McCann’s $3 Billion Parting Gift to UBS
(Corrects headline to say $3 billion, not $300 billion.)
The tab is rising on UBS Wealth Management Americas’ broker loan program, thanks to its massive recruiting push in the fourth quarter.
The broker-dealer ended 2015 with a whopping $3.2 billion of recruitment loans to financial advisors on its balance sheet, up almost $300 million or 10 percent from $2.9 billion as of September 30, UBS AG said Tuesday as it reported generally lackluster wealth earnings worldwide.
The “loans” are forgivable, subject to vesting requirements, meaning new recruits don’t have to return any of the bonus if they stay for terms that generally runs nine years or more while UBS slowly amortizes its debt to them each year.
They also are part of the legacy of Robert McCann, the former president of the Swiss banking giant’s U.S. broker-dealer and of all UBS businesses in the Americas. McCann is generally credited with reviving the money-losing U.S. business after his 2009 arrival in the depths of the financial crisis. But in addition to dramatically cutting the size of the brokerage force and revving up revenue in nontraditional areas such as loans and insurance, he also spent heavily to recruit high-echelon advisors.
McCann shifted this year to a largely honorary role as chairman of UBS Americas. UBS Wealth Americas ended 2015 with 7,140 advisors, less than half the brokerage force of rivals Morgan Stanley, Merrill Lynch and Wells Fargo Advisors.
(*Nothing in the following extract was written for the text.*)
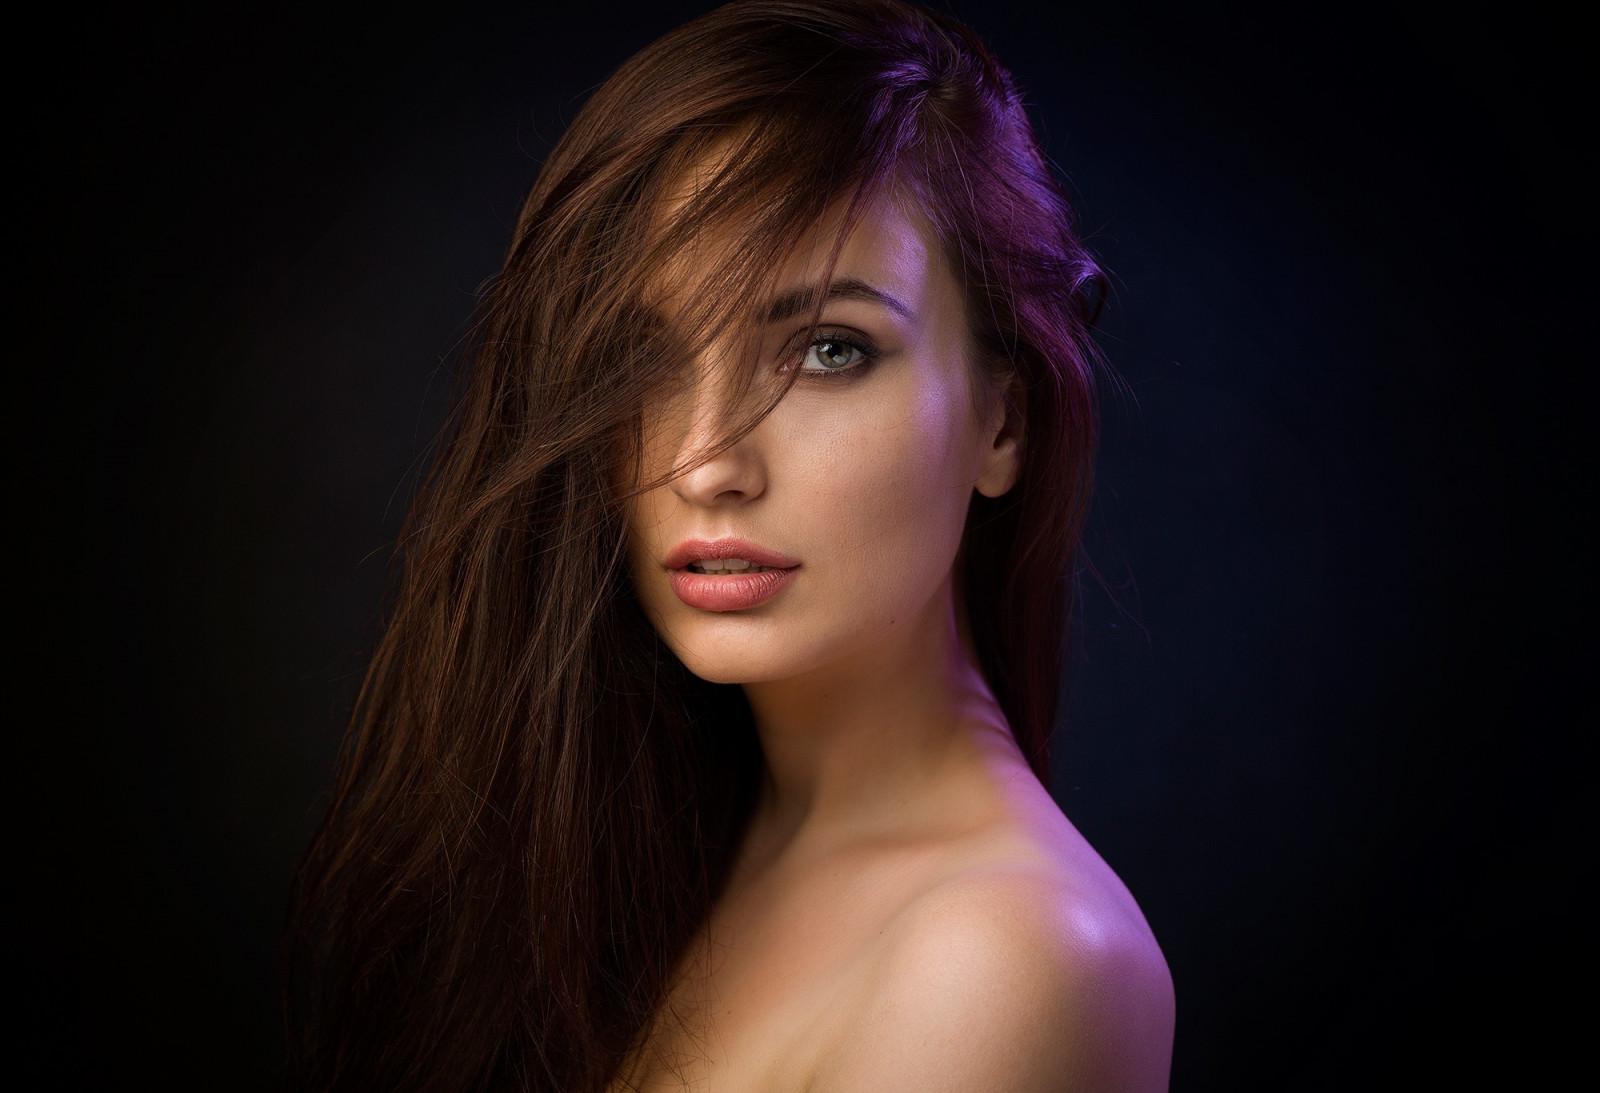 Wallpaper : face, women, simple background, long hair

A company spokesman did not respond to requests for comments on whether Tom Naratil, McCann’s replacement, was sent to rein in costs.
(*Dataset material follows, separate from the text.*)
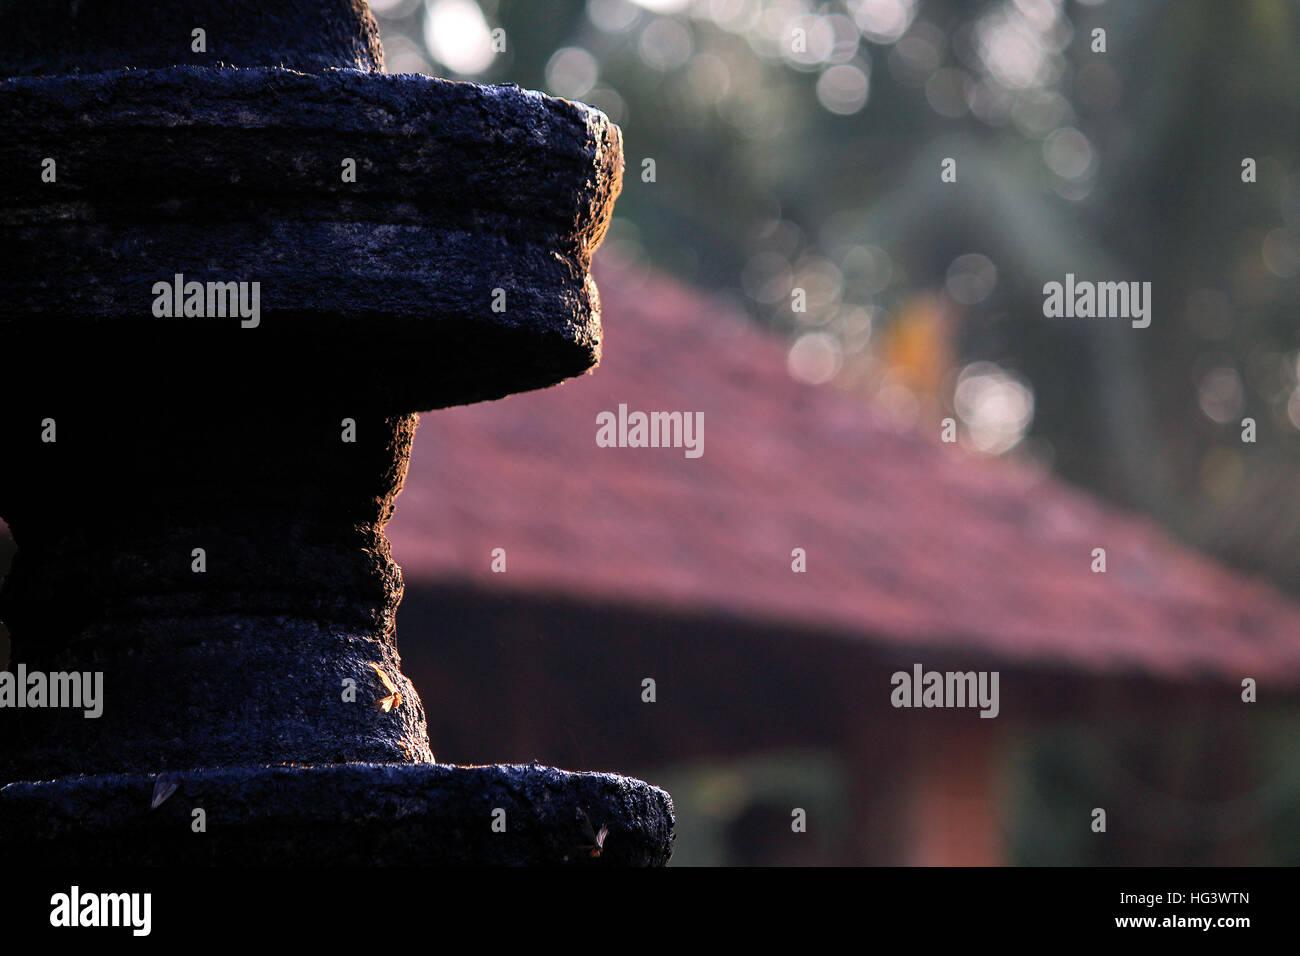 Glowing devotion - Stock Image

An American who has worked at UBS and its predecessor PaineWebber for more than 30 years, Naratil has been on the Zurich bank’s executive board since June 2011 and was group chief financial officer of UBS AG from 2011 to 2015. As several readers have told us, they are concerned that he is an operations and numbers man who Zurich dispatched to rein in costs.
In its fourth-quarter reports on Tuesday, UBS Wealth Americas said that general and administrative expenses, which exclude compensation costs and commitments, soared 127% in the U.S. business to $348 million from $127 million a year ago.
It also saId that three-quarters of the 151 brokers it recruited in the October-December period ranked in its top two quintiles of producers.
They didn’t come cheap. The $198 million of new recruiting loans extended last quarter average $1.31 million per new broker. That compares with average broker production at the firm of $1.06 million, which UBS officials said is the highest in the U.S. wealth management industry despite falling 5 percent from last year’s third quarters.
In the fourth quarter of 2014, UBS’s hiring commitments were 6% lower at $187 million.
The $300 million jump in recruiting-loan debt last quarter also likely understates what the brokerage has been spending since some older loans ran off the balance sheet and upfront cash to compensate new brokers for deferred money left at their old firms is not included.
In the waning days of 2015 and the early ones this year, however, UBS Wealth Americas has continued to write checks to attract top brokers from Credit Suisse and other European banks that are exiting the U.S. wealth management market. UBS has hired more than 70 of Credit Suisse’s roughly 170 orphaned “private bankers” in the U.S., and faces a raiding claim as a result.
UBS Group AG Chief Executive Officer Sergio Ermotti told reporters Tuesday he is confident that his U.S. managers abided by all rules in its recruiting practices.